Back then? There are derailments everyday. Most are just that, a derailment where a few cars have had wheels come off the rail. Usually happens in yards, often involving switches not properly lined. Does not make the news.
Major derailments, more likely described as a train wreck, happen less often. Can be either human or mechanical/track caused.
Well sometimes (thru confirmation bias I supposed*) it seems train ‘derailments’ have become pretty darn common - for example NS 16T near Charlestown, West Virginia on 25 Jan 2021, and CSX in Cincinnati, Ohio on 24 Jan 2021. I put derailment in quotes because while wheels indeed came off the tracks, so did the freight cars themselves, laying on their sides or in the case of the CSX one, a covered hopper piled up on the locomotive - IMO, these kinds of incidents should qualify as train wrecks as some of those freight cars seemed only good for salvage.
*OK, thanks to smart phones, digital video camera, drones and so on it is pretty easy to record and share these incidents, and for many to view the results. Maybe per…train mile?..incidents are really down from 50 or 100 years ago, but it does seem worse due to it being more…ugh, I hate the term, but ‘In You Face’.
Was working B&O’s Locust Point yard in Baltimore when the export of grain to Russia went from zero to all hands on deck at the flip of a switch. Locust Point served the Indiana Grain export grain pier. The trackage at Locust Point had been put in place in the very early 20th Century and had been in place for approximately 75 years at the time the ‘switch’ got flipped and unit train loads of grain descened upon Locust Point. 75 year old 90 pound and less rail coupled with 100 ton capacity high cube covered hopper grain cars were the recipe for major problems if no disaster.
In the 28 days of February 1975, within the confines of Locust Point there were 59 derailments ranging from one wheel to 20 cars, most all of the derailments involved loaded grain cars. Shattered rail and rotten ties all over the place as well as spilled grain that would later rot and smell up the area. All you can do is keep rerailing and repairing and get ready for the next unit train and its issues. Truly a miserable tour of duty.
That Summer both the System tie gang and the system rail gang came through and installed thousands of new ties and relay welded rail on all the normal grain handling track.
The engineer wasn’t good enough to have a full-on, total derailment?[:-,]
The numbers are averages- number of wrecks mentioned divided by number of years covered. The guys that were better than average at derailing probably had higher numbers.[:-^]

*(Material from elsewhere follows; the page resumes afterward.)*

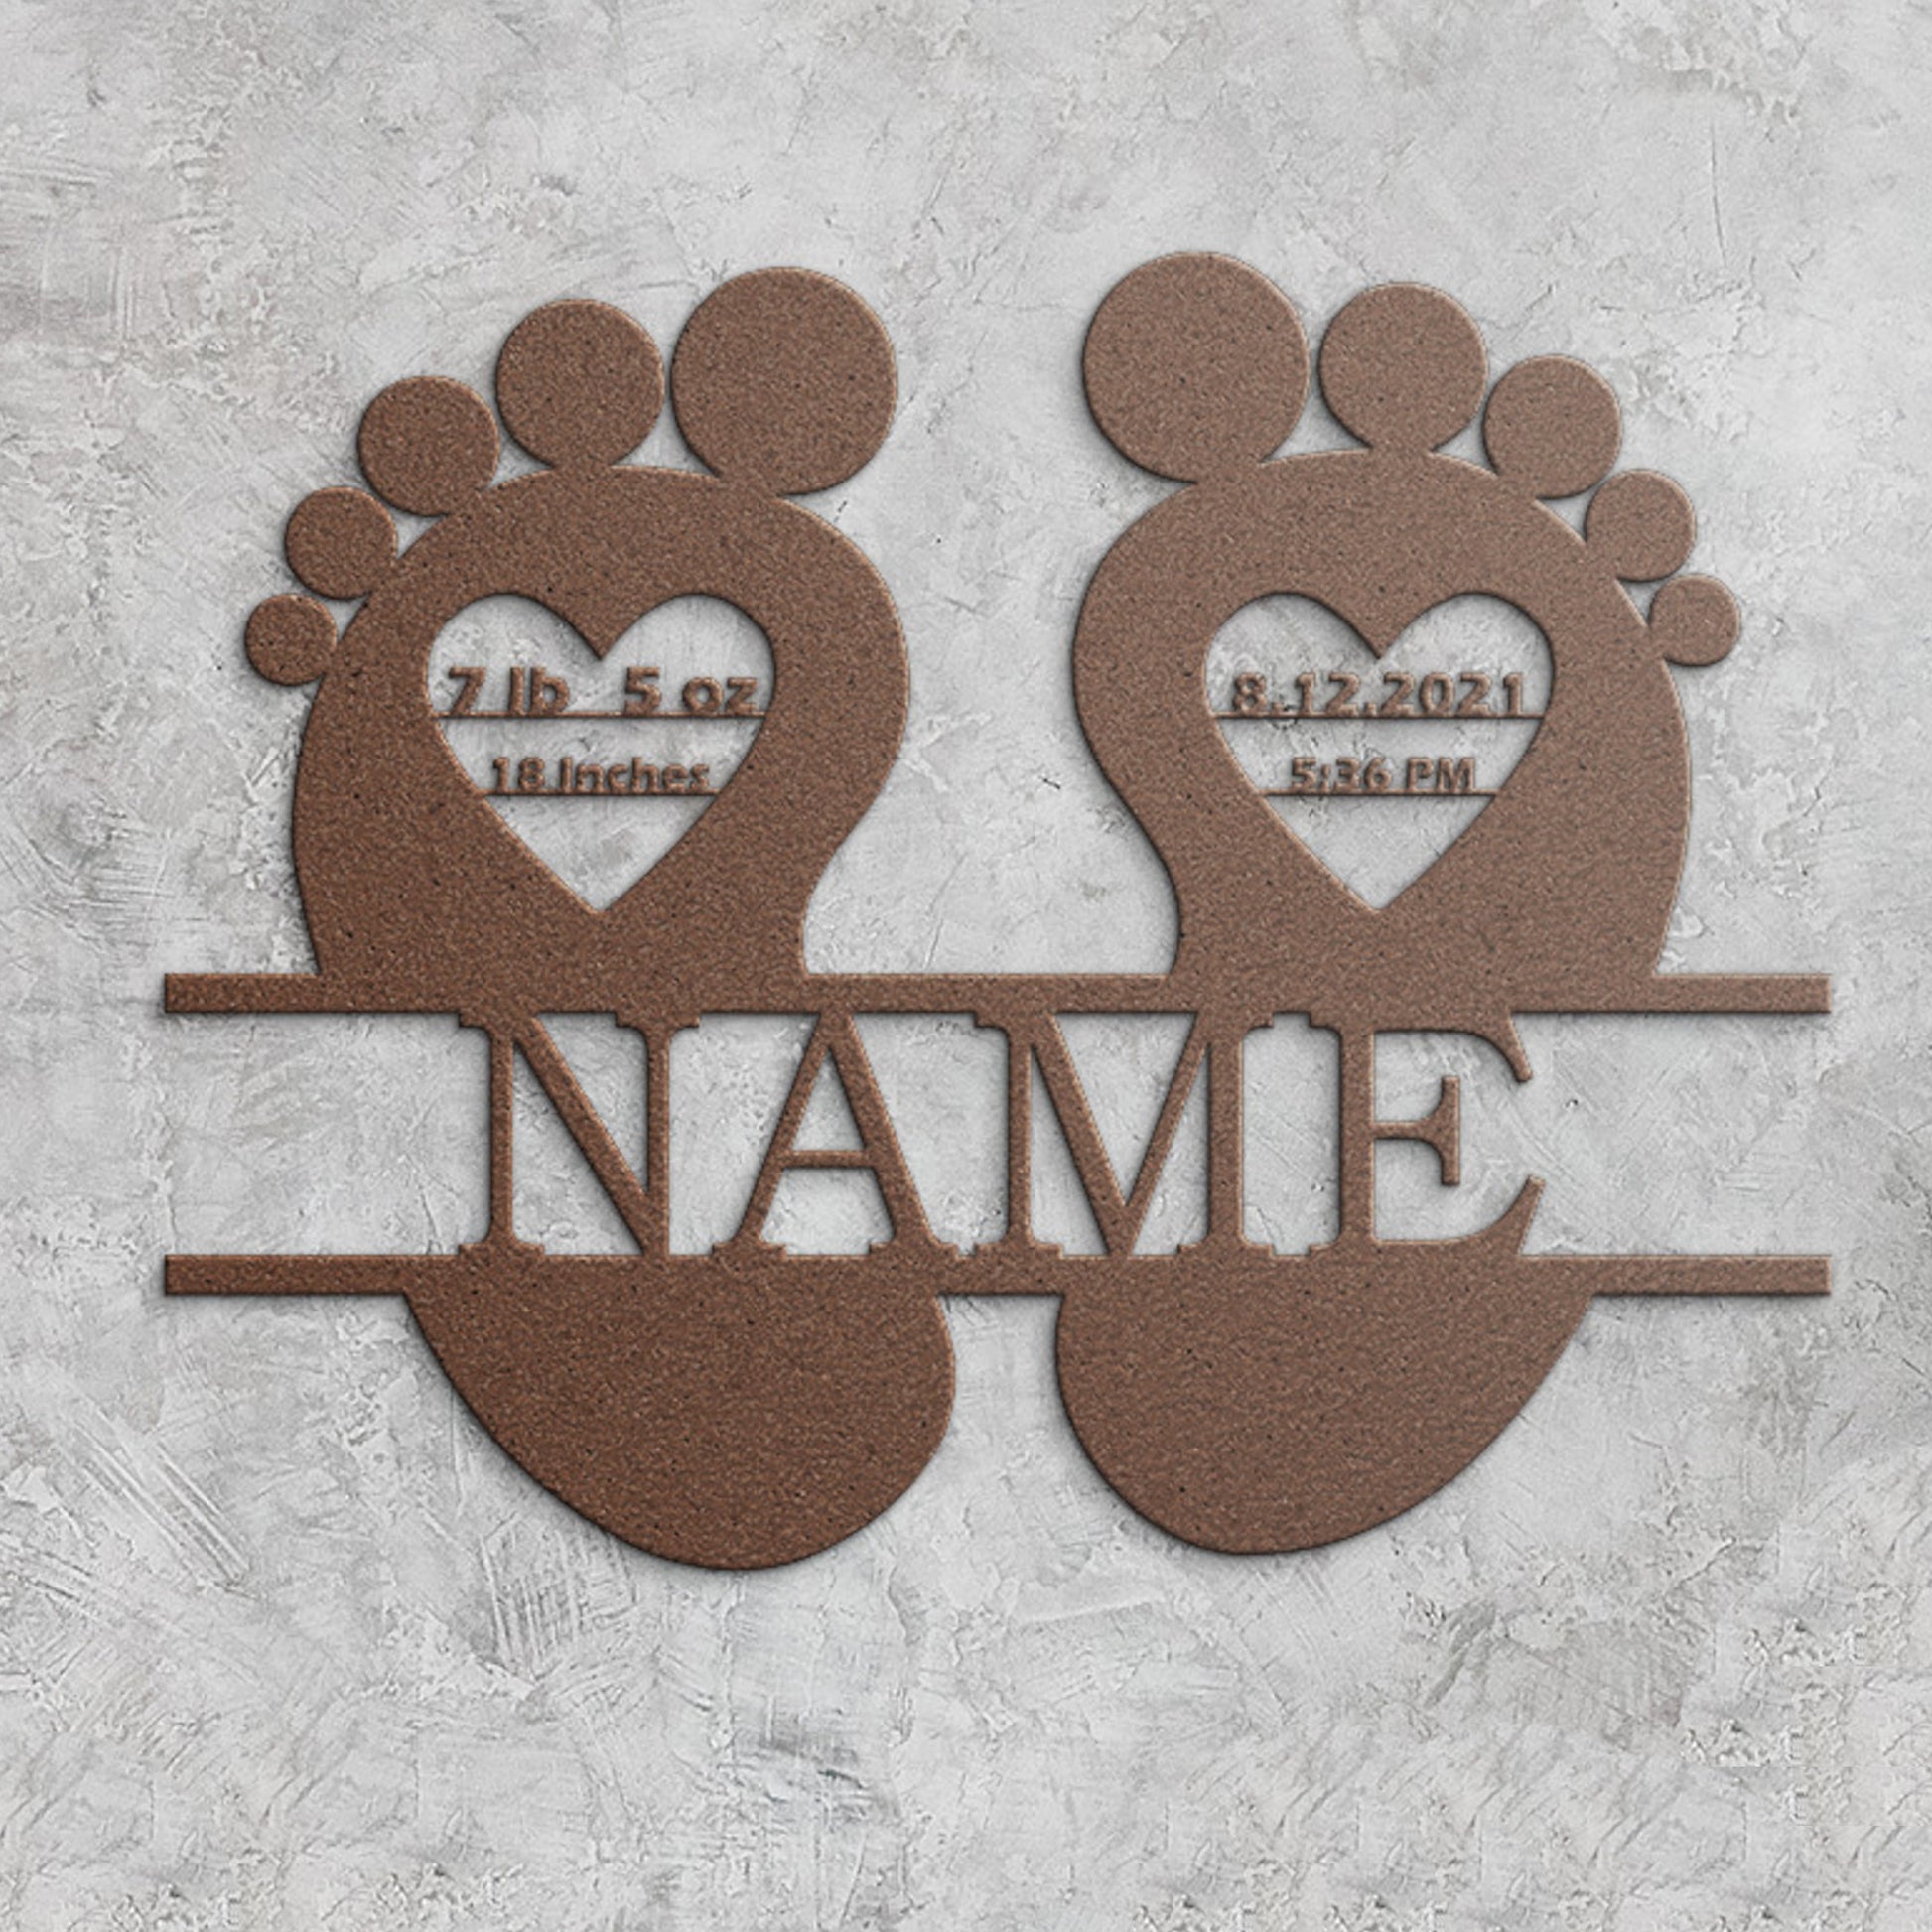 Personalized Baby Footprint Birth Announcement Metal Sign. Baby Shower Name Gift. Kids Room Decor. New Born Custom Baby Arrival Announcement

In some areas when you walked - the ground acted like you were walking on a sponge - account of all the burrows underneath the ground.
When grain was spilled, an outfit with a industrial strength vacuum truck would be called to pick up all that was possible to pick up - however that was never 100% of what was on the ground. Wheat and corn weren’t ‘too bad’ as they rotted, soybeans were another story entirely.
Recall one of the Car Dept. guys would carry a baseball bat - catch a rat, throw him up by the tail and hit it like you were hitting fugos in baseball practice.
Locust Point at the time was inhabited by Longshoremen and Railroaders with a sprinkling of Procter & Gamble and American Sugar workers. A hard living, hard drinking community with each intersection anchored by a bar on each corner. The East end of the peninsula upon which Locust Point occupys is Fort McHenry where the Star Spangled Banner flew to become the National Anthem from the War of 1812.